In that case, you can skip the use of f: Function[x, Fit[data, {1, x}, x] // Evaluate] @ data[[;; , 1]]. –  J. M. May 10 '13 at 2:54
    
@J.M. Yes. From the other side, this one-line-code makes it slightly difficult to understand. (Just a matter of personal taste:) –  luyuwuli May 10 '13 at 3:01
    
I like this solution the most, because it is faster and easier to understand than the others. PS. I also think FindFit is better. –  phidelio May 10 '13 at 8:45

If all you want is to remove a linear trend from the data you don't need all the fancy statistics done by LinearModelFit and a faster alternative is to just use LeastSquares and then use the resulting parameters to remove the trend from the data.

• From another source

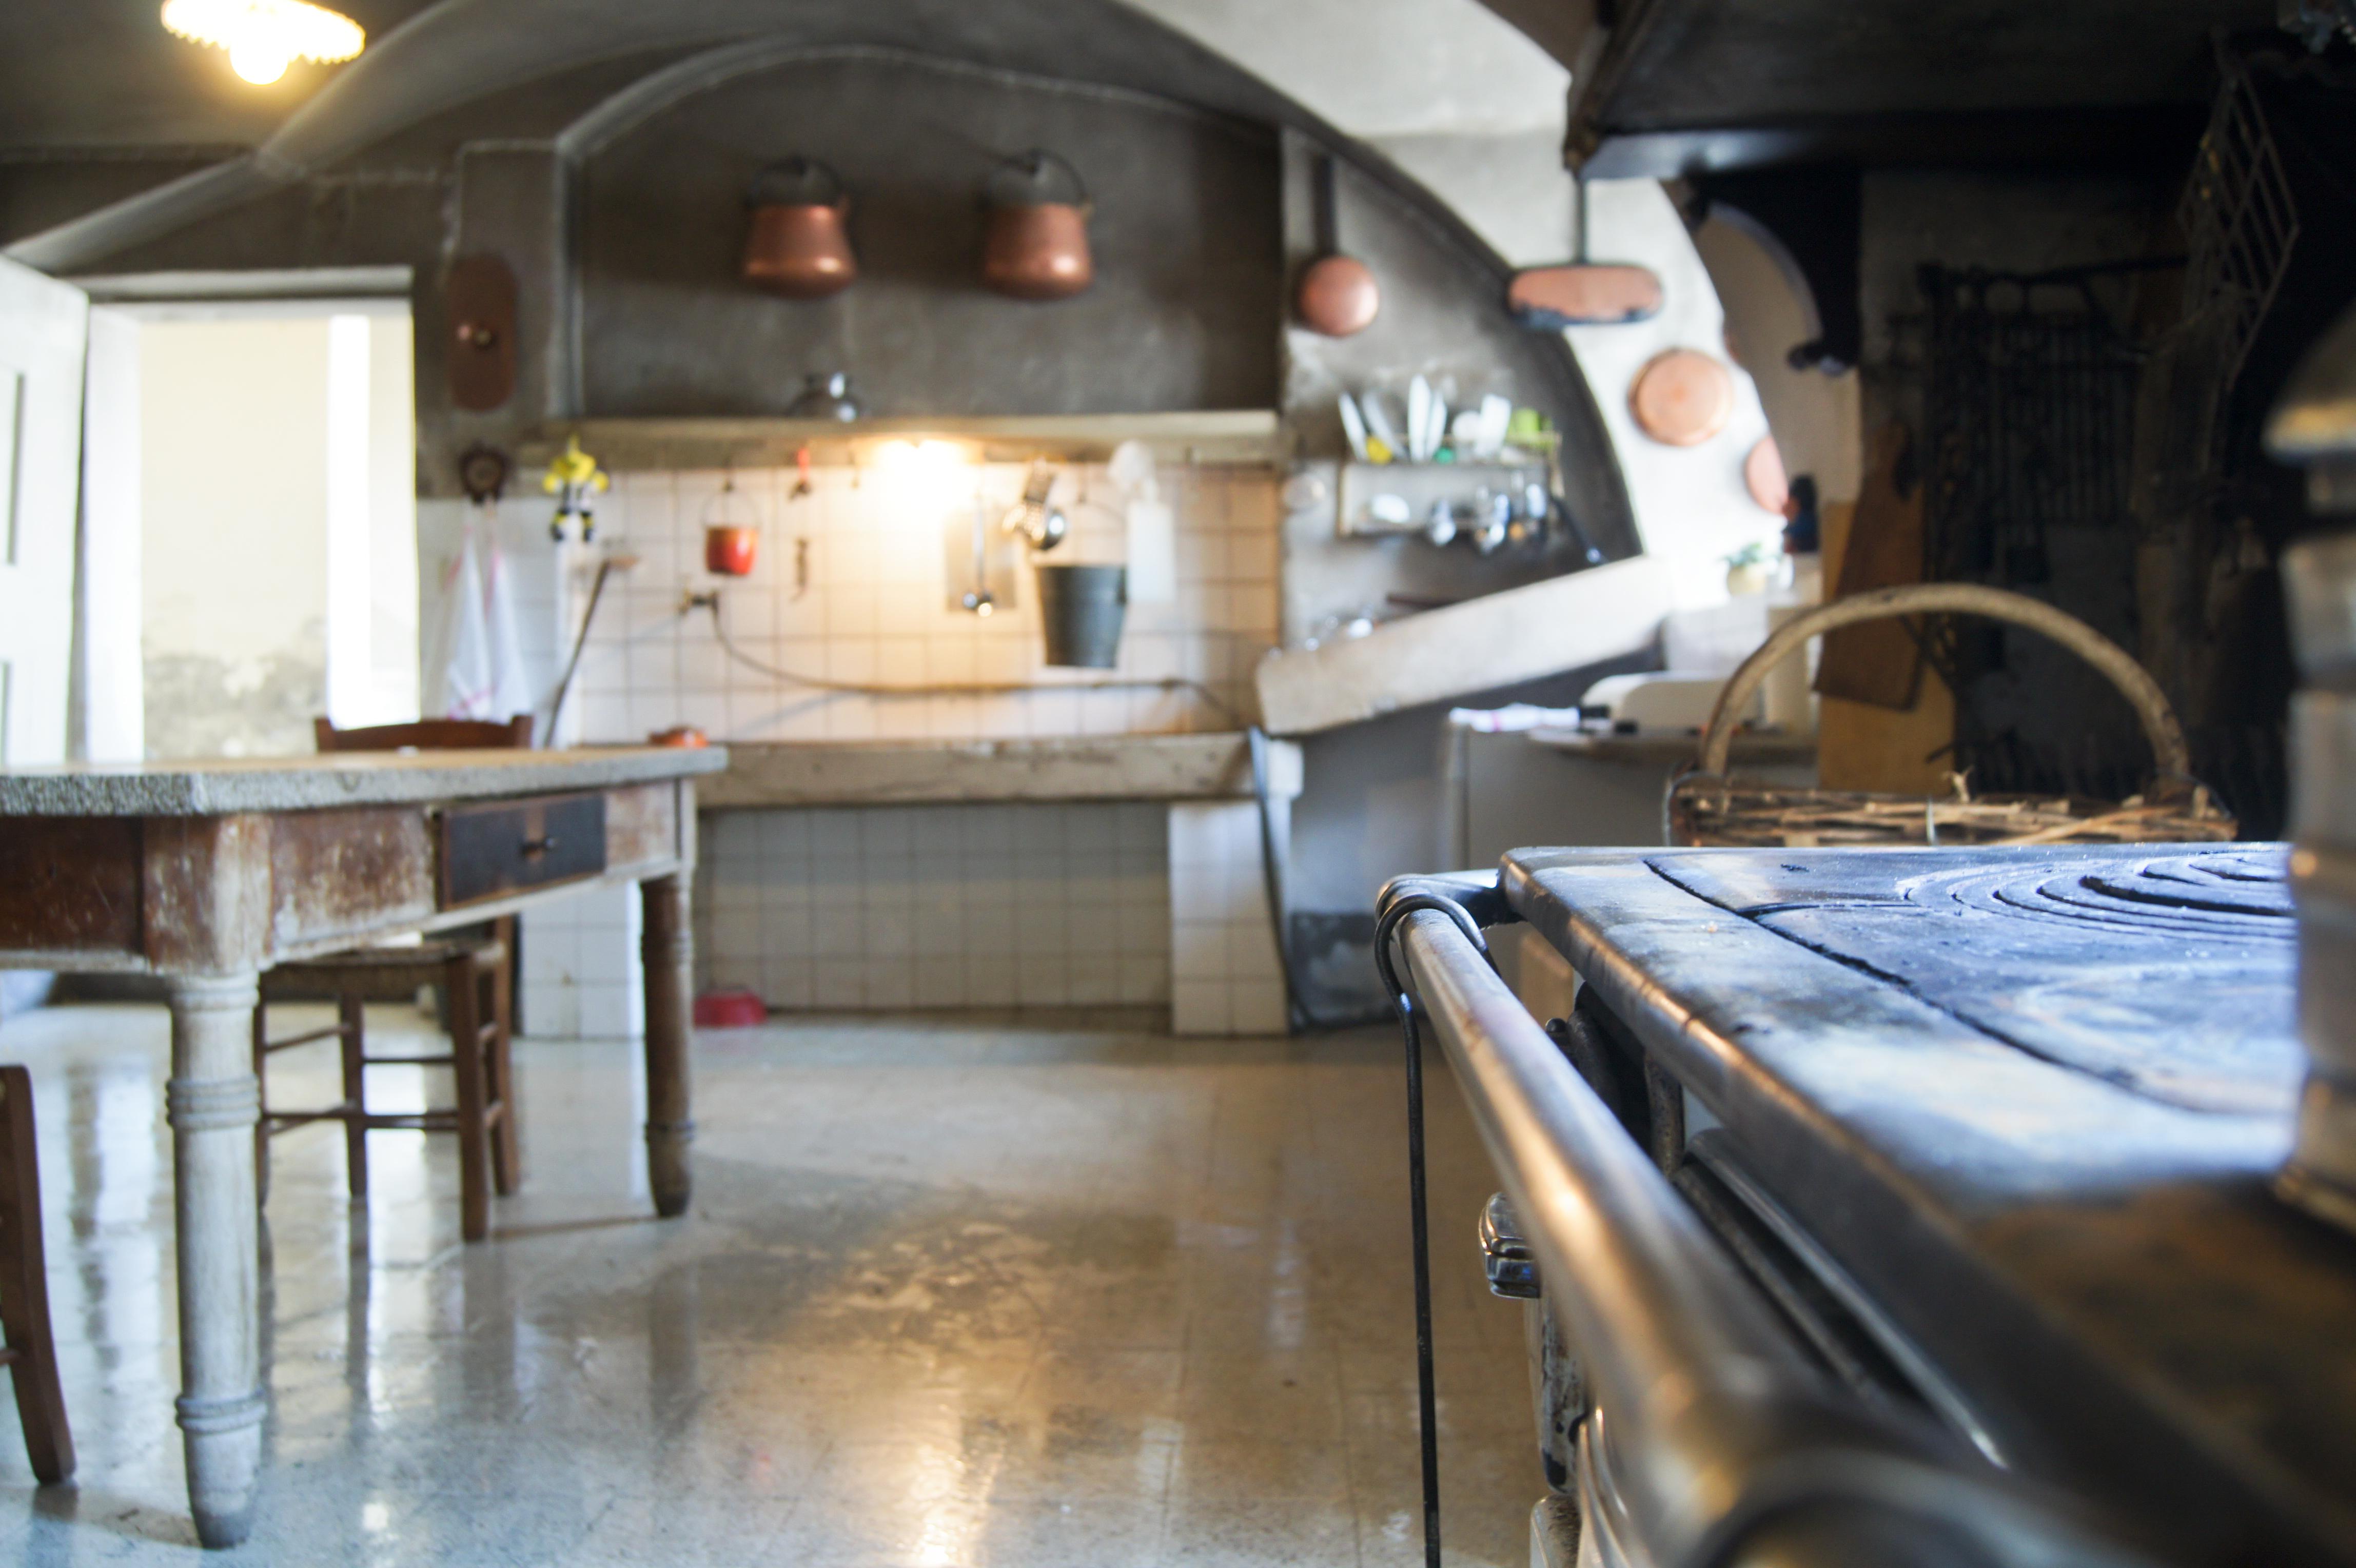 Piovene porto godi cucina e cantina - Cucina e cantina ...

(*Generate 150k datapoints with a linear trend*)
data = RandomVariate[NormalDistribution[0, 50], {150000, 2}] + 
   Range[150000];

(*The LinearModelFit version*)
AbsoluteTiming[
 model = LinearModelFit[data, x, x];
 data1 = data;
 data1[[All, 2]] = data[[All, 2]] - model /@ data[[All, 1]] + model[0];
 ]

(*==> {30.053463, Null} *)

(*Faster alternative*)
AbsoluteTiming[{a, b} = 
  LeastSquares[DesignMatrix[data, x, x], data[[All, 2]]];
 data1 = Transpose@{data[[All, 1]], 
    data[[All, 2]] - (a + b*data[[All, 1]])};
 ]

(*==> {0.044045, Null} *)

It is around 700 times faster on my machine.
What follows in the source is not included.